4.   Use evidence-based guidelines for identifying patients likely to benefit from screening for colorectal or breast cancer.

5.   Discuss the evidence for and against screening for prostate and lung cancers.

Faculty Disclosure

In adherence to ACCME Standards for Commercial Support, Audio-Digest requires all faculty and members of the plan­ning committee to disclose relevant financial relationships within the past 12 months that might create any personal con­flicts of interest. Any identified conflicts were resolved to ensure that this educational activity promotes quality in health care and not a proprietary business or commercial interest. For this program, the faculty and planning committee reported nothing to disclose.

Acknowledgements

Drs. Luce and Pérez-Stable were recorded at 37th Annual Advances in Internal Medicine, presented by the University of California, San Francisco, School of Medicine, and held May 18-22, 2009, in San Francisco, CA. The Audio-Digest Foun­dation thanks the speakers and UCSF School of Medicine for their cooperation in the production of this program.

Cancer Prevention

Judith A. Luce, MD, Clinical Professor of Medicine, Division of Hematology and Oncology, University of Cal­ifornia, San Francisco, School of Medicine

Cancer risk: increases with age; other factors  —  genetic defects (in eg, DNA repair mechanisms or cell-cycle control) and nongenetic events (eg, gene silencing by methylation or histone acetylation); consumption of environmental carcino­gens; certain gene polymorphisms affect metabolism of carcinogenic compounds, thereby increasing risk; viral agents may increase risk directly or indirectly (eg, by increasing inflammation); other contributing factors include hormones and secondary immunosuppression

Preventable cancer deaths: tobacco-related cancers responsible for 30% of cancer deaths in United States; cervical cancer, hepatocellular carcinoma, lung cancer, and Helicobacter pylori-related cancers important causes of mortal­ity worldwide; hormone-promoted cancers (breast and prostate) most common cancers in United States

Approach to intervention: primary prevention (eg, tobacco cessation, vaccination) has most potential for impact; secondary prevention (ie, screening) associated with decreased morbidity and mortality for some cancers; tertiary prevention may decrease risk for second malignancies; areas of focus  —  most common cancers; high-risk individu­als; older adults (have highest rates of cancer, but late in process of carcinogenesis)

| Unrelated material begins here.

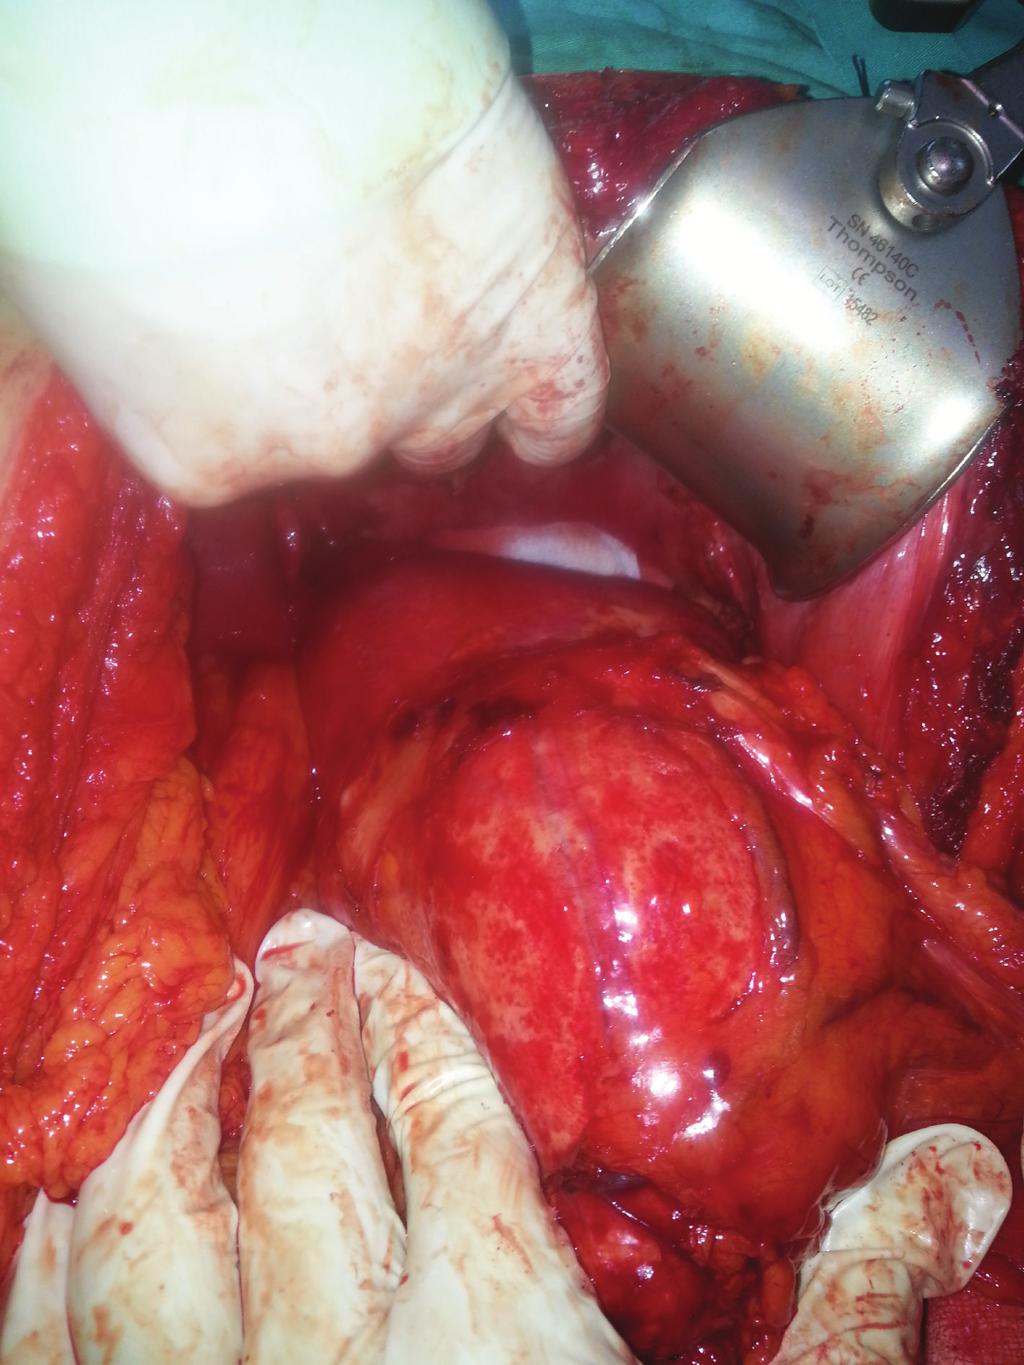 Case Reports in Surgery Figure 2: A large cystic mass that is attached to the left liver lobe (yellow arrow shows the left liver lobe and blue arrow shows the cystic mass).

Challenges for studying chemoprevention strategies: low individual annual risk; high number needed to treat (NNT); cost-effectiveness; risk-benefit ratio  —  depends on population (eg, higher-risk interventions may be accept­able in high-risk populations)

Population-based studies: epidemiologic and prospective cohort studies show associations between cancer risk and diet and lifestyle choices; problems include recall bias, lack of longitudinal data, and confounding variables; isolat­ing active compounds (eg, retinoids) from source (eg, green leafy vegetables) often problematic

Dietary supplements in smokers: epidemiologic data strongly suggested relationship between diet and risk for lung cancer; laboratory studies found that retinoids induce cellular differentiation; 5 major trials looked at b-carotene and/or retinoids; no benefit seen with supplementation (b-carotene supplementation appears to increase risk among current smokers)

Nonsteroidal anti-inflammatory drugs (NSAIDs) for preventing colorectal cancer: epidemiologic data suggested benefit of full-dose NSAIDs for reducing risk for colorectal cancer, but risk for gastrointestinal (GI) bleeding and other complications outweighs benefits in most patients; study shows high-dose therapy with cyclooxygenase (COX)-2 inhibitors associated with 50% reduction in new polyps, but other studies show increased risk for mortal­ity

Selenium and vitamin E for prostate cancer: case-control studies and other trials suggested benefit; second pros­tate cancer prevention trial (Selenium and Vitamin E Cancer Prevention Trial [SELECT]) found no benefits associ­ated with supplementation with selenium and/or vitamin E, compared to placebo; selenium supplementation seemed to increase risk for type 2 diabetes

Selective estrogen-receptor modifiers for breast cancer: »75% of women with breast cancer have estrogen-depen­dent disease; among women with breast cancer, treatment with estrogen-receptor modifiers reduces incidence of cancer in contralateral breast; Breast Cancer Prevention Trial  —  in women at high risk, tamoxifen therapy resulted in 50% decreased incidence of estrogen-receptor–positive breast cancer (no effect on estrogen-receptor–negative breast cancer); Study of Tamoxifen and Raloxifene  (STAR) —  raloxifene as effective as tamoxifen for preventing in­vasive breast cancer; raloxifene found to have better safety profile (tamoxifen associated with thrombotic risk and increased risk for endometrial cancer in postmenopausal women); cost-effectiveness study  —  universal prophylaxis (ie, for all women >50 yr of age) with tamoxifen not cost-effective

a-reductase inhibitors for prostate cancer: reduce tissue levels of dihydrotestosterone; finasteride  —  originally ap­proved for management of benign prostatic hyperplasia; reduces size of prostate gland and levels of prostate-spe­cific antigen (PSA); first Prostate Cancer Prevention Trial found finasteride associated with decreased incidence of prostate cancer but increased percentage of high-grade disease (possibly because finasteride reduces size of pros­tate, making biopsy more sensitive); also, high-grade cancers less hormone-sensitive; adverse effects (eg, erectile dysfunction) common; dutasteride  —  suppresses a₁- and a₂-reductases; more effective, potent, and long-lasting, compared to finasteride; 3 clinical trials (in progress)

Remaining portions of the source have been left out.